The Company will provide without charge to each person to whom this
Prospectus is delivered, upon written or oral request of such person, a
copy of any or all of the foregoing documents incorporated by reference
into this Prospectus (without exhibits to such documents other than
exhibits specifically incorporated by reference into such documents).
Requests for such copies should be directed to the Secretary of the
Company, 100 Pennsylvania Avenue, P.O. Box 9328, Framingham,
Massachusetts 01701-9328; telephone (508) 370-8500.
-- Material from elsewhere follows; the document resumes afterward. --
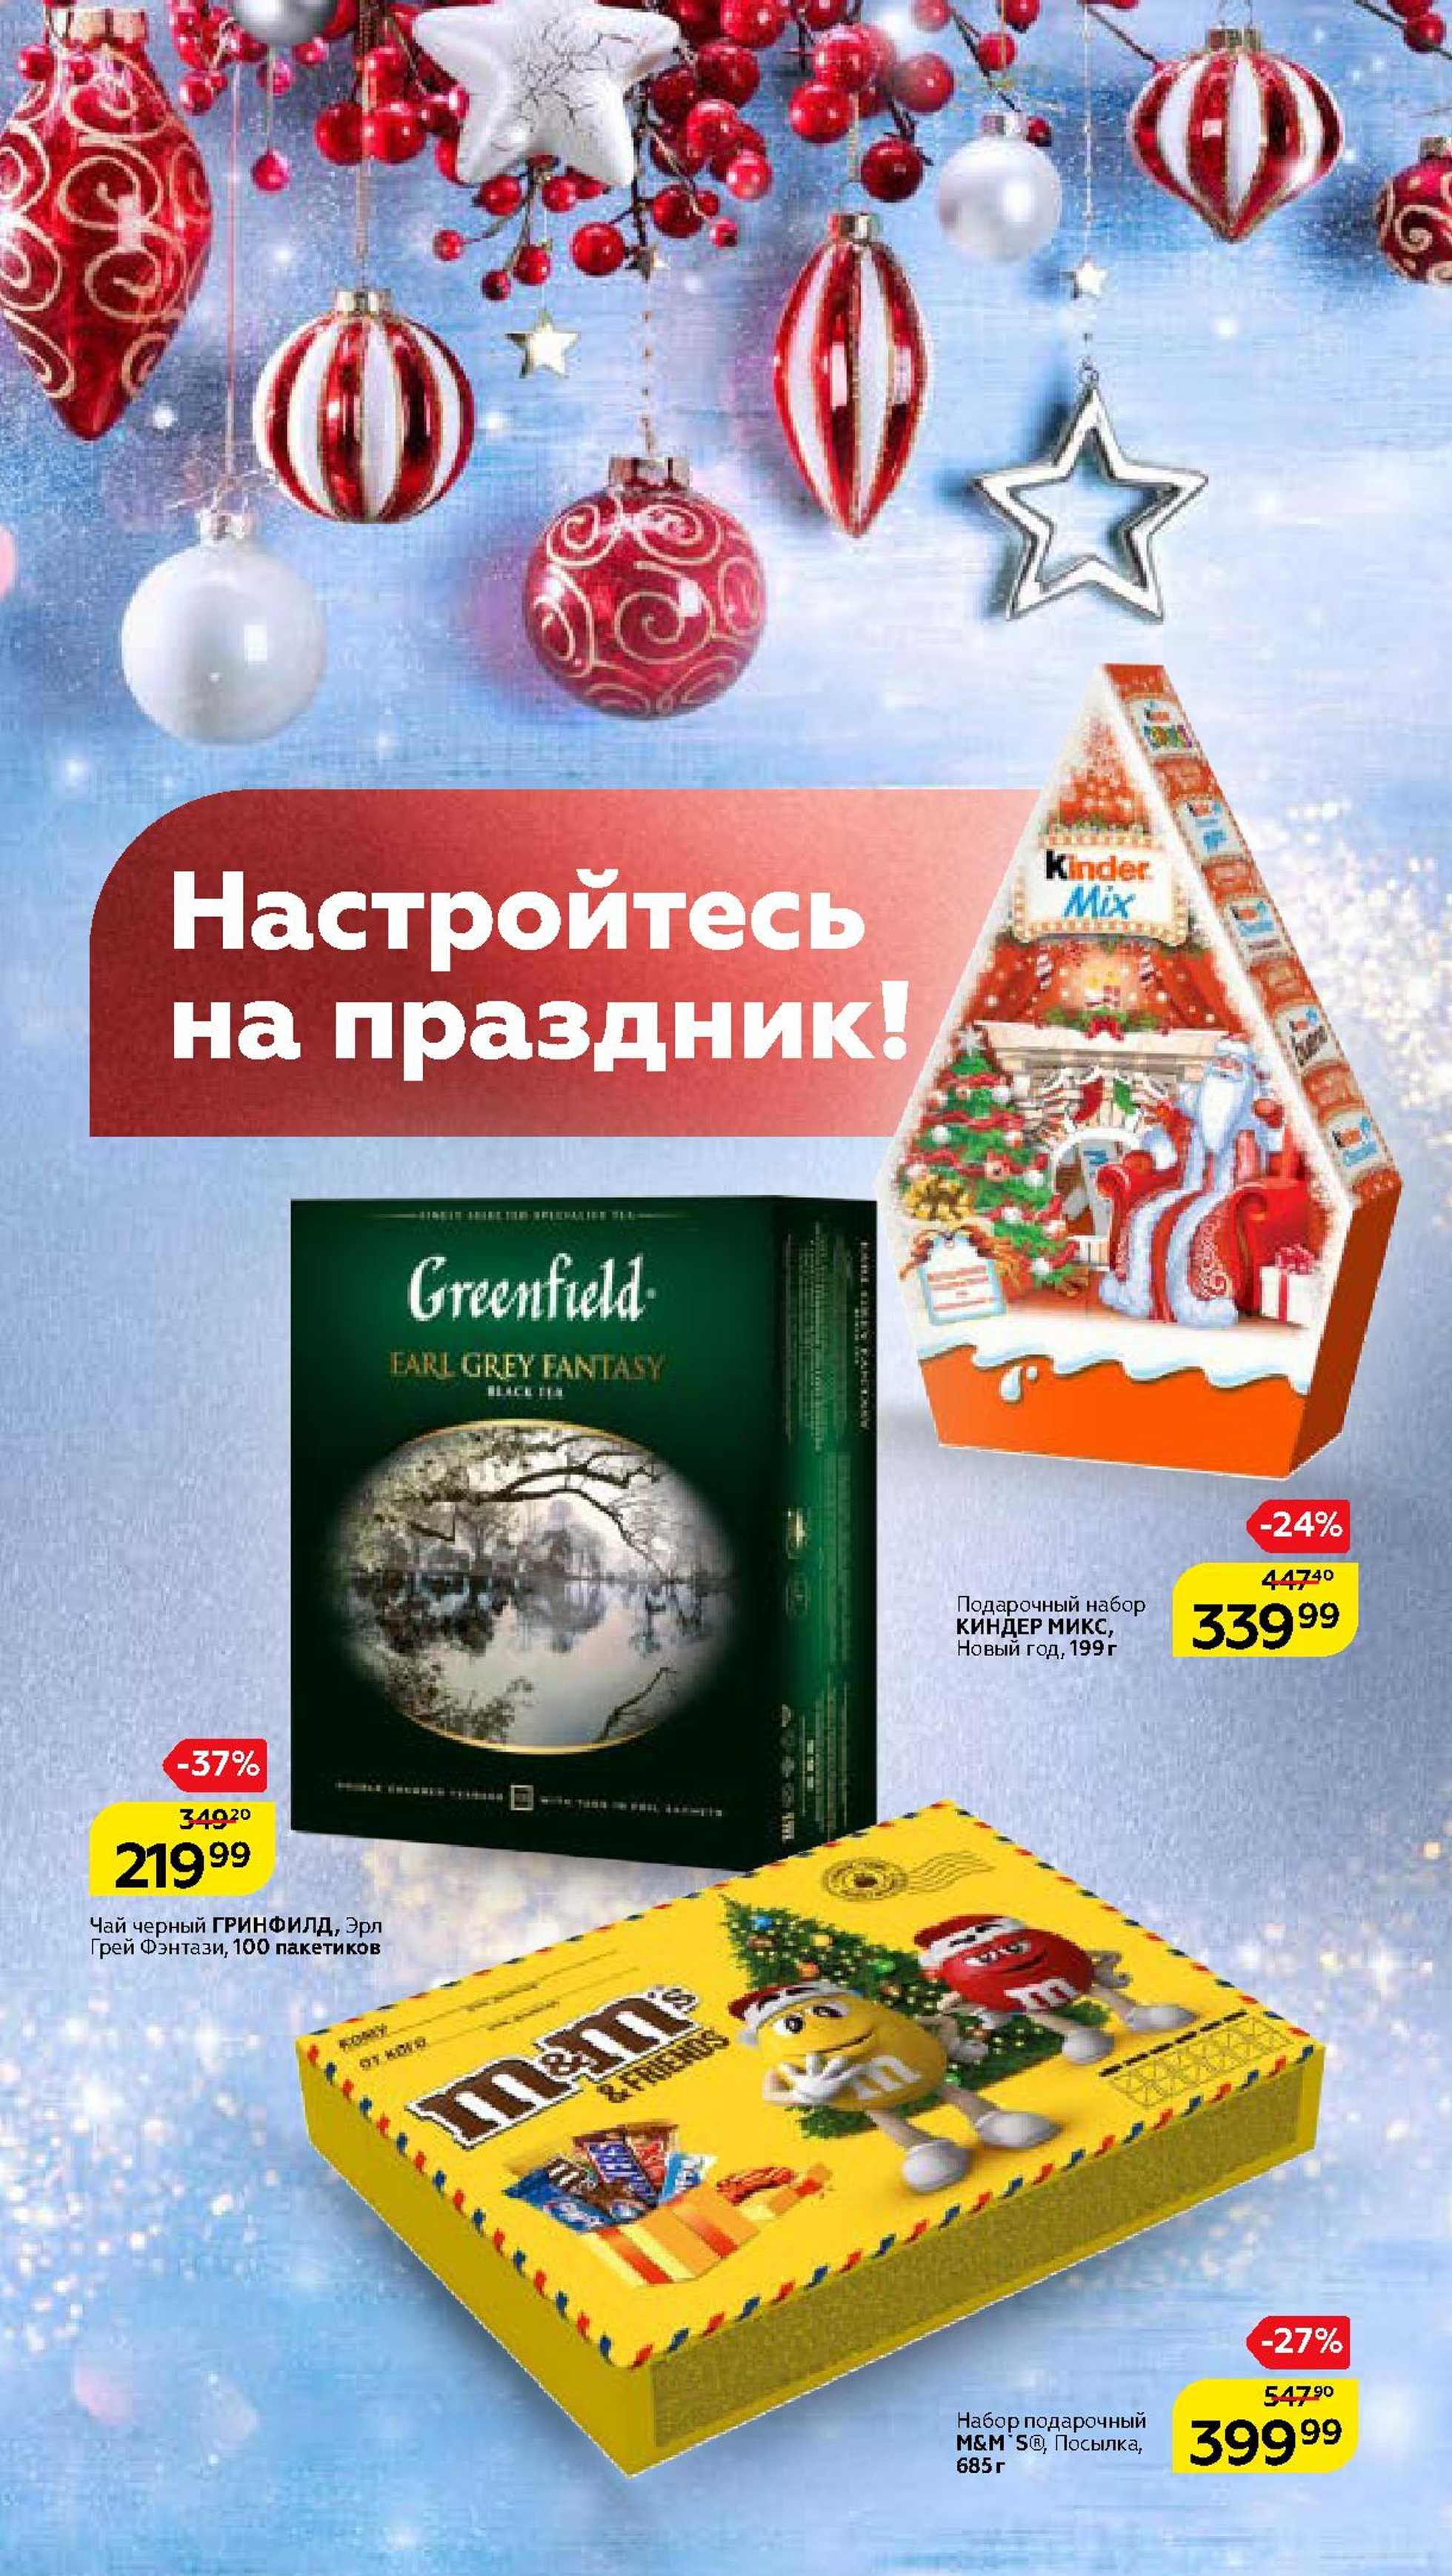 Магнит - каталог действителен с 19.11.2020 по 16.12.2020 - страница 2.

Except as otherwise noted, all information in this Prospectus
reflects the three-for-two splits of the Company's Common Stock effected
in the form of 50% stock dividends in December 1993, October 1994 and
July 1995.
NO PERSON HAS BEEN AUTHORIZED TO GIVE ANY INFORMATION OR TO MAKE
ANY REPRESENTATIONS IN CONNECTION WITH THIS OFFERING OTHER THAN THOSE
CONTAINED IN THIS PROSPECTUS AND, IF GIVEN OR MADE, SUCH OTHER
INFORMATION AND REPRESENTATIONS MUST NOT BE RELIED UPON AS HAVING BEEN
AUTHORIZED BY THE COMPANY. NEITHER THE DELIVERY OF THIS PROSPECTUS NOR
ANY SALE MADE HEREUNDER SHALL, UNDER ANY CIRCUMSTANCES, CREATE ANY
IMPLICATION THAT THERE HAS BEEN NO CHANGE IN THE AFFAIRS OF THE COMPANY
SINCE THE DATE HEREOF OR THAT THE INFORMATION CONTAINED HEREIN IS
CORRECT AS OF ANY TIME SUBSEQUENT TO ITS DATE. THIS PROSPECTUS DOES NOT
CONSTITUTE AN OFFER TO SELL OR A SOLICITATION OF AN OFFER TO BUY ANY
SECURITIES OTHER THAN THE REGISTERED SECURITIES TO WHICH IT RELATES.
THIS PROSPECTUS DOES NOT CONSTITUTE AN OFFER TO SELL OR A SOLICITATION
OF AN OFFER TO BUY SUCH SECURITIES IN ANY CIRCUMSTANCES IN WHICH SUCH
OFFER OR SOLICITATION IS UNLAWFUL.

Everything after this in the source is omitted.